You also need to remove your returns; the function is supposed to count, and as written, it will return 0 the instant it finds any of the target characters, without using the incremented values in any way. Put a return 0; at the end of main to indicate exiting successfully (optionally, stdlib.h can be included so you can return EXIT_SUCCESS; to avoid magic numbers, but it's the same behavior).
The information in others answers being already covered, here are a couple of other suggestions for your consideration.
Remove function calls, such as strlen() from within the for(;;) loop. You've already obtained the length with:
int length = strlen(sentence);
Now, just use it in your for loop:
for(i = 0; i < length ; i++)//includes replacement of == with <
Encapsulate the working part of your code, in this case the the counting of words and sentences.
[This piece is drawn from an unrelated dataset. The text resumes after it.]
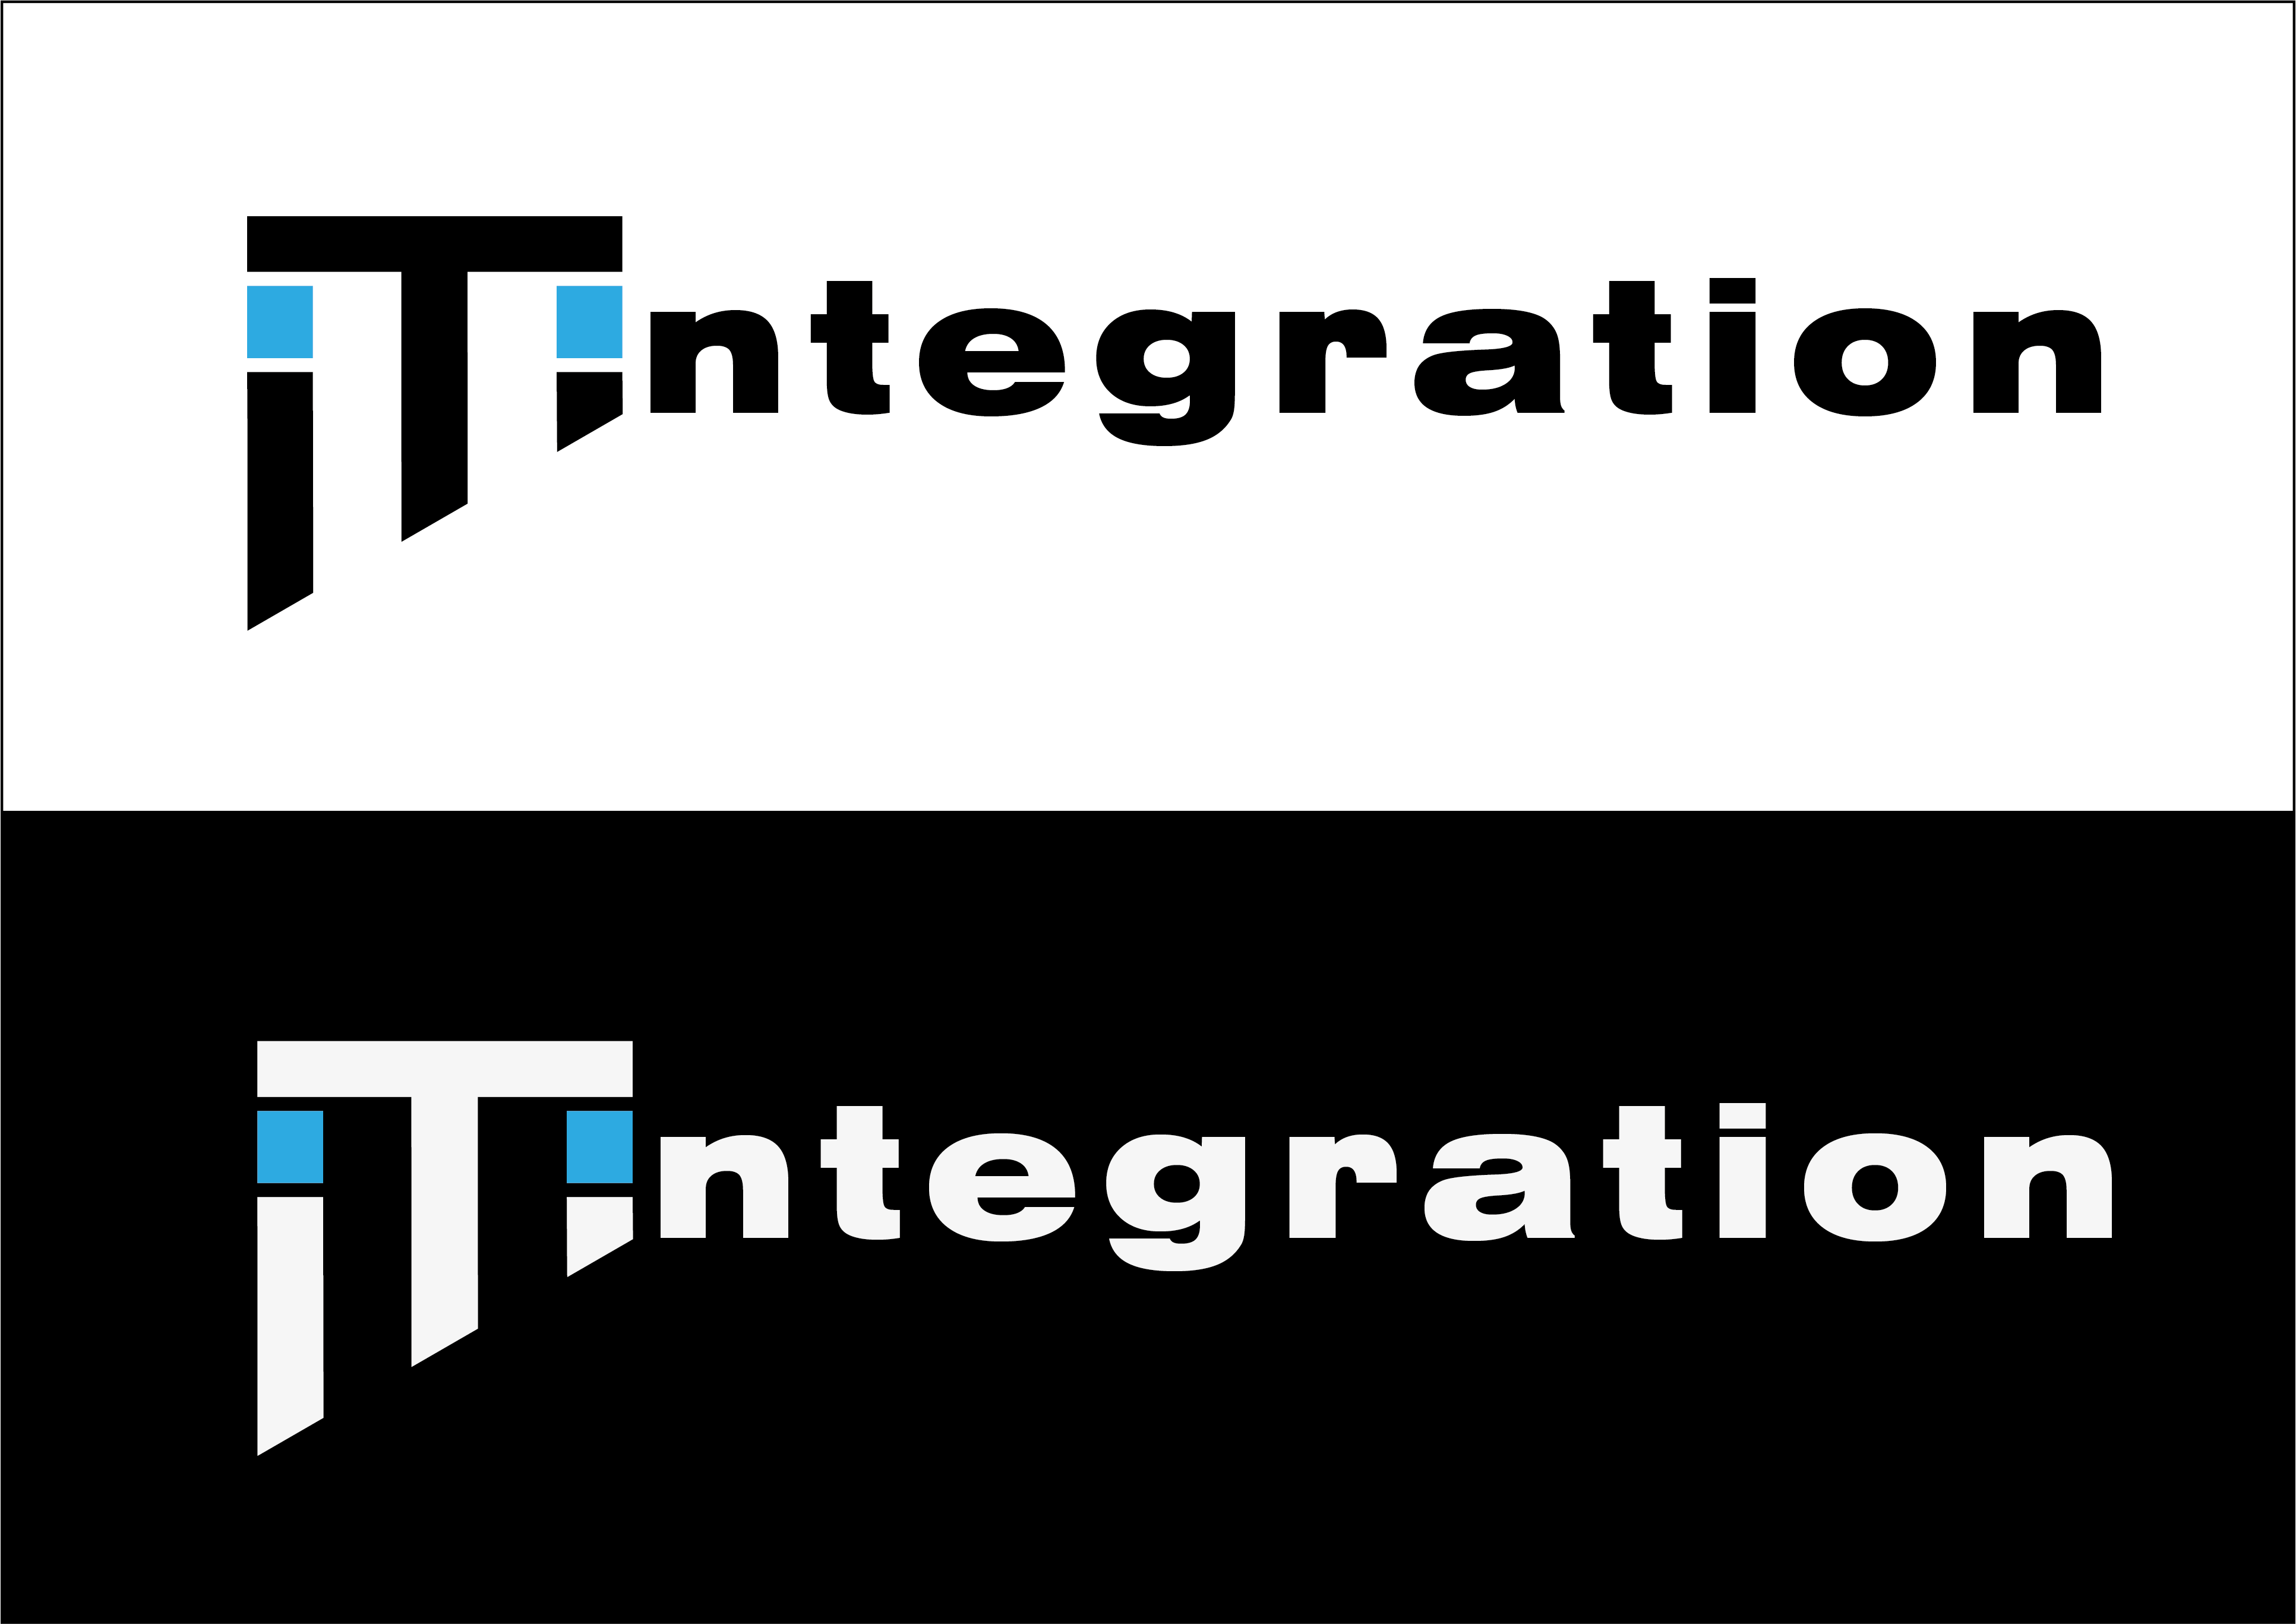 Логотип для IT интегратора фото f_903614a51ac56dfd.png

The following uses a different approach, but its the same idea:
//includes deliminators for common end-of-sentence punctuation:
int count_sentences(const char *buf)
{
const char *delim = {".?!"};//add additional 'end-of-sentence' punctuation as needed.
char *tok = NULL;
int count = 0;
char *dup = strdup(buf);//preserve original input buffer
if(dup)
{
tok = strtok(dup, delim);
while(tok)
{
count++;
tok = strtok(NULL, delim);
}
free(dup);
}
return count;
}
One additional idea, that is out of scope with your original code, but very useful in practice is to remove any parts of the buffer that may not be part of the sentence, i.e. leading or trailing space. In your example, you have the test case for your sentences tightly defined within a string literal:
char sentence[] = "One fish. Two fish. Red fish. Blue fish.";
This is not incorrect, but what would happen at some point your code were to be expected to work with string buffers not so neatly packaged? i.e. leading or trailing white space characters in the buffer to be processed?
"\n\n\tOne fish. Two fish. Red fish. Blue fish.\f"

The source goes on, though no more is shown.